I have a problem. My following column contains a list
in inside that list there is int
. How could I convert that kind of list
to an int
value?
0 [1]
1 [0]
2 [1]
3 [0]
4 [0]
...
9869 [1]
9870 [1]
9871 [1]
9872 [0]
9873 [0]
Name: predicted, Length: 9874, dtype: object
What I tried
df_testing['predicted'] = df_testing['predicted'].astype('str')
df_testing['predicted'].replace('[','',inplace=True)
df_testing['predicted'].replace(']','',inplace=True)
df_testing.predicted = pd.to_numeric(df_testing.predicted, errors='coerce')
[OUT]
0 NaN
1 NaN
---
df_testing['predicted'] = df_testing['predicted'].apply(lambda x: list(map(int, x)))
[OUT]
ValueError: invalid literal for int() with base 10: '['
--------------------------------------------------------------------------
ValueError Traceback (most recent call last)
Input In [45], in <cell line: 1>()
----> 1 df_testing['predicted'] = df_testing['predicted'].apply(lambda x: list(map(int, x)))
File ~\Anaconda3\lib\site-packages\pandas\core\series.py:4433, in Series.apply(self, func, convert_dtype, args, **kwargs)
4323 def apply(
4324 self,
4325 func: AggFuncType,
(...)
4328 **kwargs,
4329 ) -> DataFrame | Series:
4330 """
4331 Invoke function on values of Series.
4332
(...)
4431 dtype: float64
4432 """
-> 4433 return SeriesApply(self, func, convert_dtype, args, kwargs).apply()
File ~\Anaconda3\lib\site-packages\pandas\core\apply.py:1082, in SeriesApply.apply(self)
1078 if isinstance(self.f, str):
1079 # if we are a string, try to dispatch
1080 return self.apply_str()
-> 1082 return self.apply_standard()
File ~\Anaconda3\lib\site-packages\pandas\core\apply.py:1137, in SeriesApply.apply_standard(self)

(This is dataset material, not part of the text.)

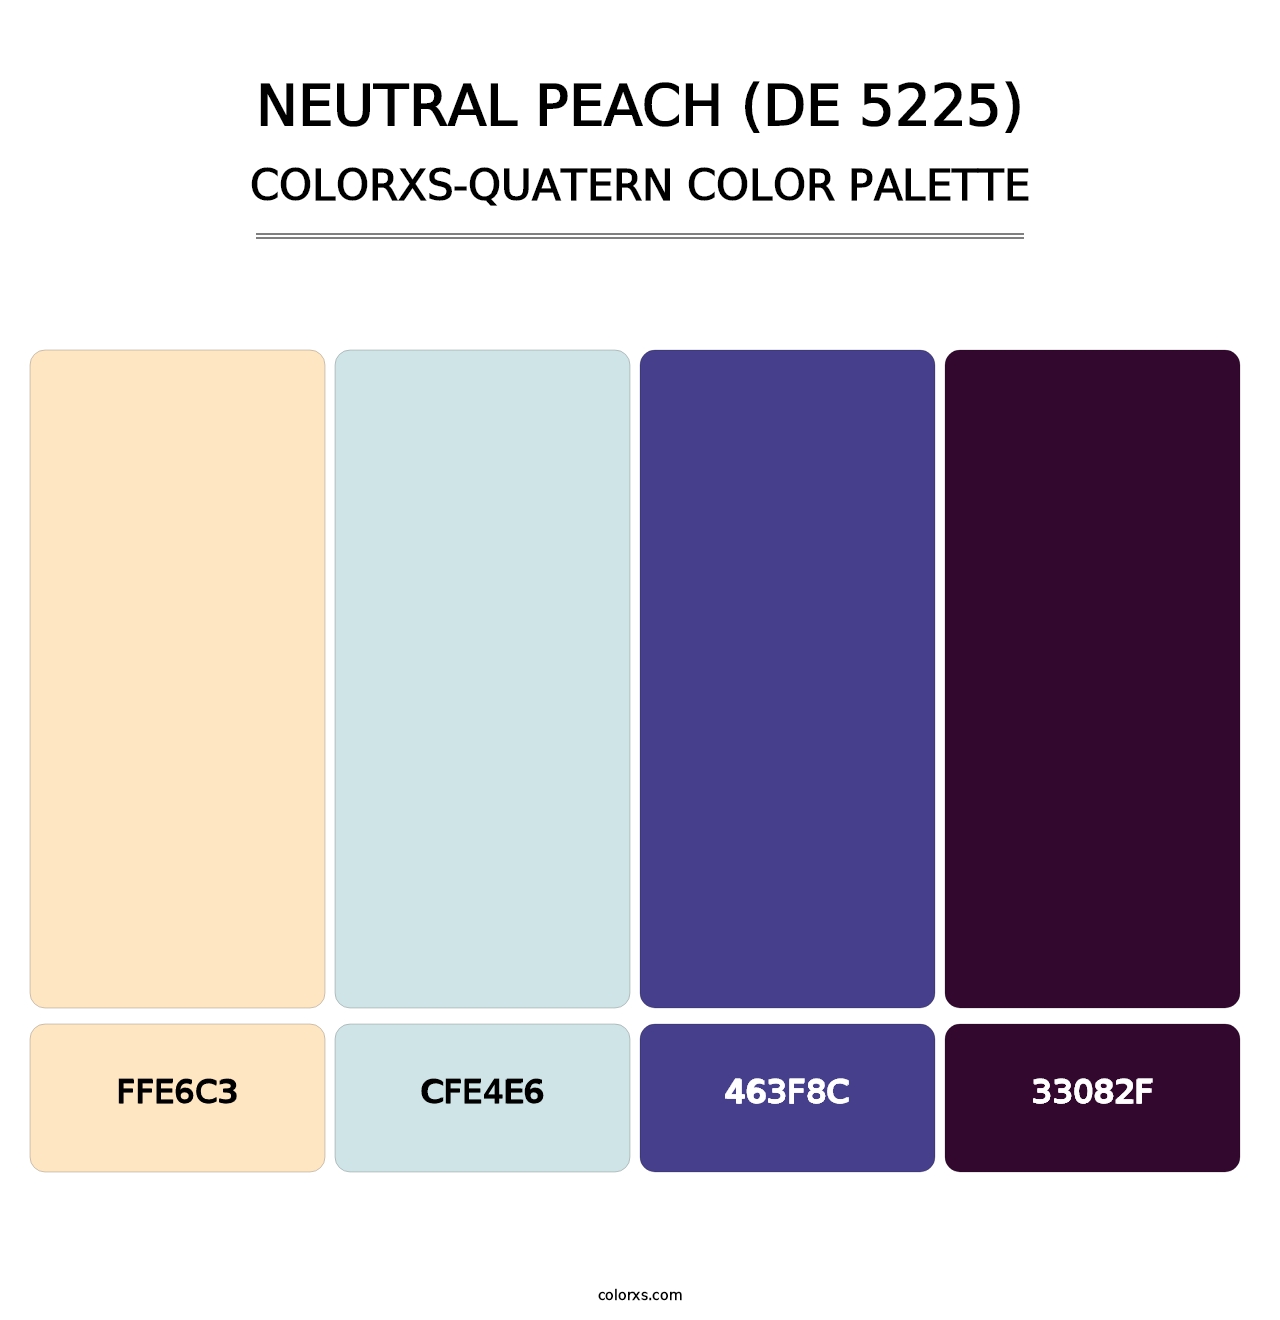 Neutral Peach (DE 5225) - Colorxs Quatern Palette
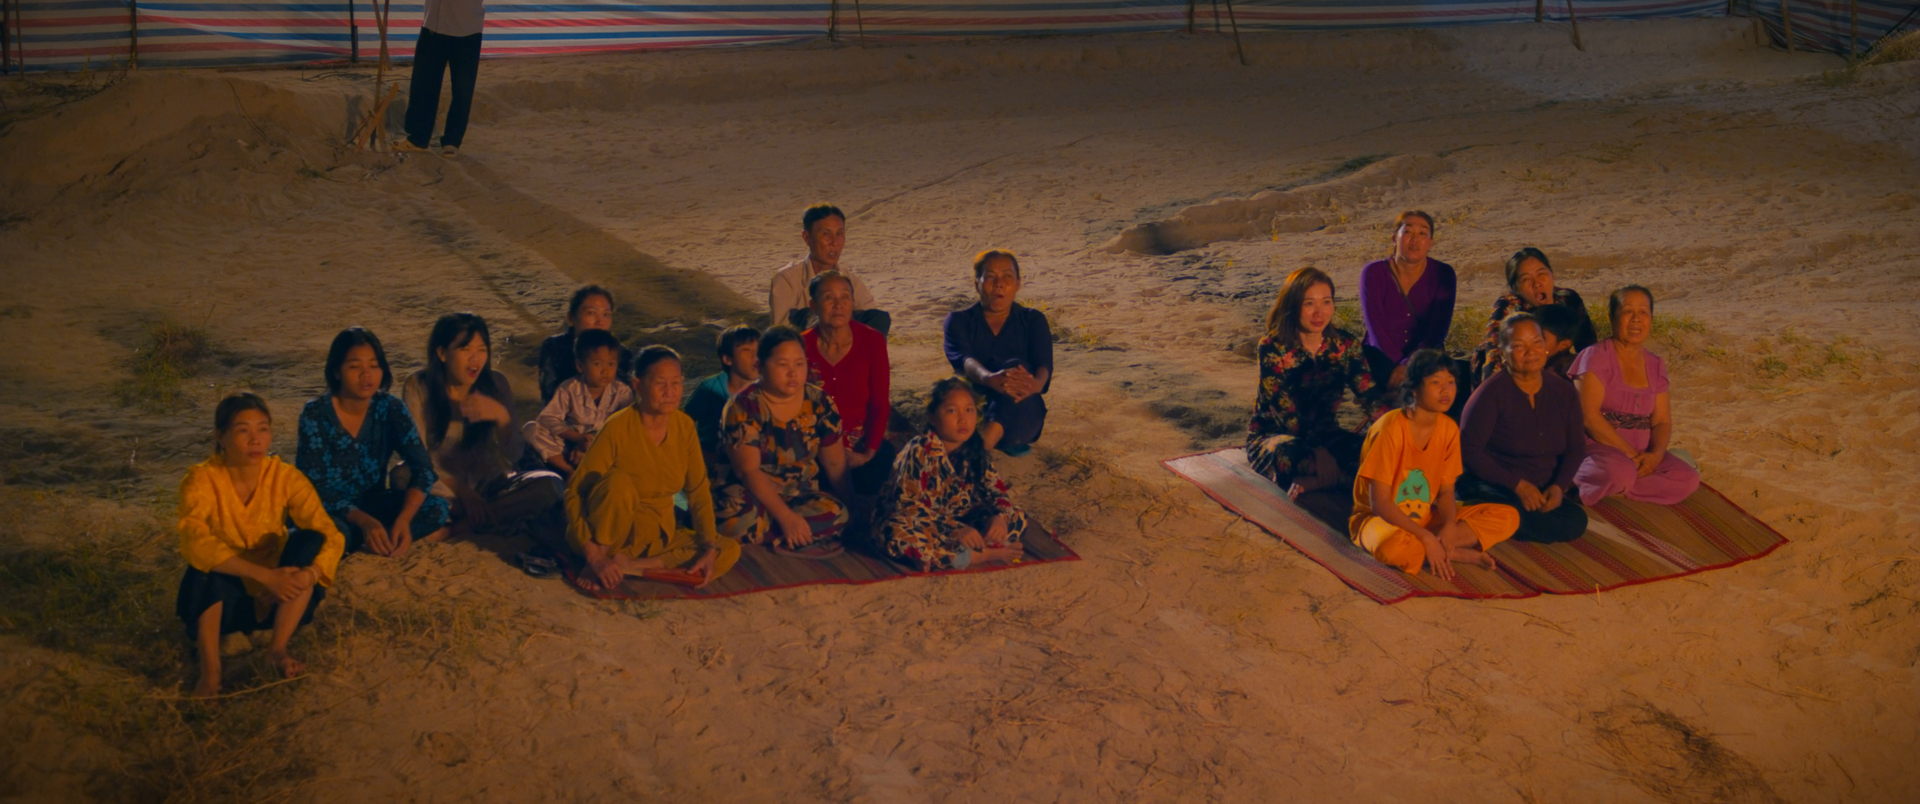 Phim Sáng Đèn tung trailer chính thức, gánh hát Viễn Phương như từ đời bước lên màn ảnh rộng - ảnh 7

1131 values = obj.astype(object)._values
1132 # error: Argument 2 to "map_infer" has incompatible type
1133 # "Union[Callable[..., Any], str, List[Union[Callable[..., Any], str]],
1134 # Dict[Hashable, Union[Union[Callable[..., Any], str],
1135 # List[Union[Callable[..., Any], str]]]]]"; expected
1136 # "Callable[[Any], Any]"
-> 1137 mapped = lib.map_infer(
1138 values,
1139 f, # type: ignore[arg-type]
1140 convert=self.convert_dtype,
1141 )
1143 if len(mapped) and isinstance(mapped[0], ABCSeries):
1144 # GH#43986 Need to do list(mapped) in order to get treated as nested
1145 # See also GH#25959 regarding EA support
1146 return obj._constructor_expanddim(list(mapped), index=obj.index)
File ~\Anaconda3\lib\site-packages\pandas\_libs\lib.pyx:2870, in pandas._libs.lib.map_infer()
Input In [45], in <lambda>(x)
----> 1 df_testing['predicted'] = df_testing['predicted'].apply(lambda x: list(map(int, x)))
ValueError: invalid literal for int() with base 10: '['
CodePudding user response:
Here is one more way to do it, since its a single value in the square bracket, treat it as a string and then strip off the brackets and convert to int (if value is believed to be all int)
df['predicted']=df['predicted'].str.strip('[|]').astype(int)
df
predicted
0 1
1 0
2 1
3 0
4 0
9869 1
9870 1
9871 1
9872 0
9873 0
CodePudding user response:
If you are sure that each row contains a list with elements you can use a lambda function:
df_testing['predicted'] = df_testing['predicted'].apply(lambda x: x[0])
Otherwise you can create a function which checks if there are elements and take the mean for example.
I assumed that the list elements are numeric, otherwise you can also change the type in the function.